The experimental data in the paper supports the basic science; native aluminum oxide forms quickly, stays very very thin (tens of angstroms) and becomes a permanent barrier to further reaction of the aluminum. Alumina is un-reactive as well; alumina ceramics are used in a wide variety of chemically reactive and corrosive situation because of their non-reactivity.

Resurfacing of aluminized mirrors is necessary from time to time when cleaning with soap and water would cause more damage than it would benefit because dirt is stuck to the mirror's surface. It is not done because the integrity of the aluminum is compromised, but because it's a better choice than cleaning for practical reasons.

GIF ("blink comparator")

From http://global.kyocera.com/fcworld/charact/chemistry/chemiresist.html - alumina can potentially be remarkably resistant to chemical attack compared to other materials - note logarithmic scale.

The individual figures:

Answer 3

I apologize for the length of this answer, but this is a complicated subject to address. Thank you all.

I owned a camera store for many years, and have 60+ years in photo. I got my start in photo via Astronomy in high school. Went to the University of Iowa, started in Physics and Astronomy, but my math skills were not up to the task, so went to Radio-TV-Film. The physics was a great basis for photography as you might well imagine.

I knew just enough Physics and science to be a danger to myself and those around me.

Several years ago, a product called ROR (Residual Oil Remover) came to market, invented by a man from Illinois whom I knew casually. His premise was that in today's world, much of the 'dirt and dust' we perceive on optics of all kinds, is suspended in microscopic droplets of oil in the atmosphere, and as we wear glasses and walk in or move about, those microscopic droplets, also containing dirt/dust of all sorts, coat optical surfaces and everything else, and we breath the stuff.

I would guess that this oily deposit may also be a cause for some of the 'rapid' deterioration of optical coatings on telescope mirrors, it builds up over time, dries, which forms a glue or sticky layer which also causes dust and dirt to build up more rapidly.

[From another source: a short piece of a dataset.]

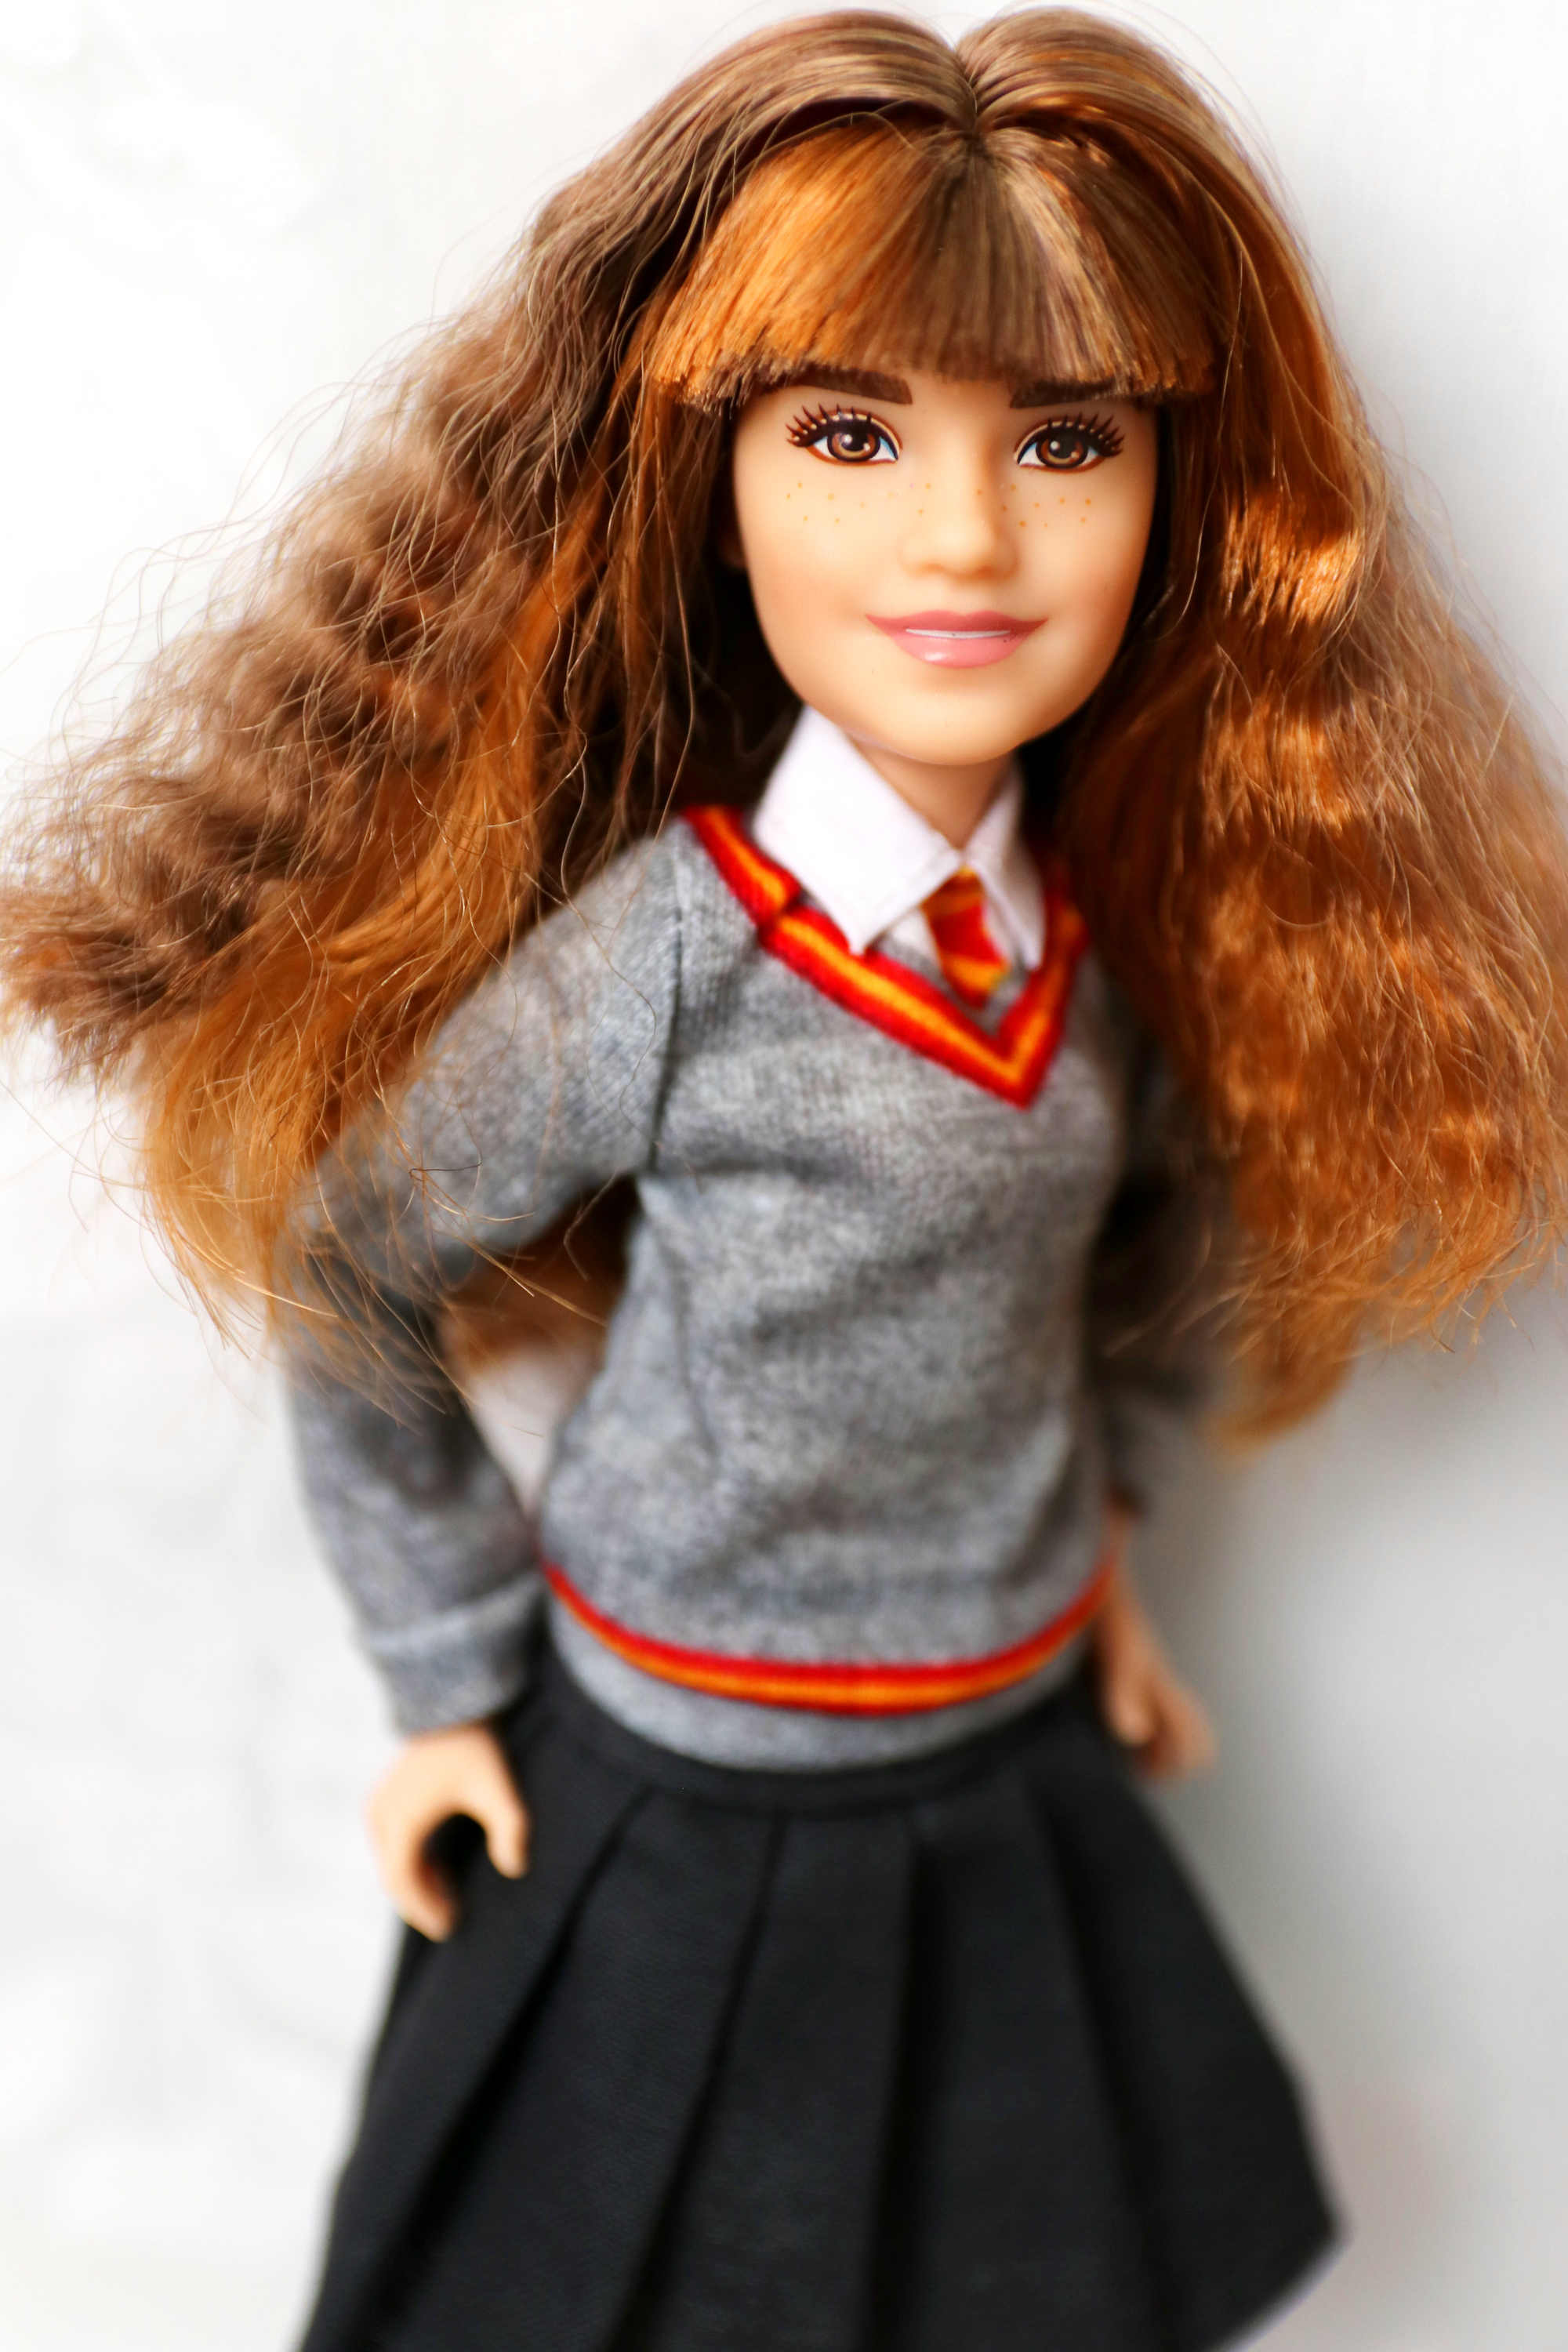 Harry Potter Hermoine Granger Doll Mattel FYM51

If you can find ROR in a local camera store (or similar), get a bottle, I used a Kleenex tissue to clean my glasses. Spray the ROR directly on the glass, both sides, one lens only, gently rub it until it dries, then put on the glasses and compare the views, you should be amazed. The other effect of ROR was that as you cleaned the glass once, then a second time, the glass simply becomes slippery. The ROR, somehow, cleans the micro pores of the glass and removes the deep down sticky, oily material.

Of course, it can be used on any optical glass surface as far as I know

It was endorsed, as I remember, by NASA, FBI, Nat Geo, etc. so good credentials.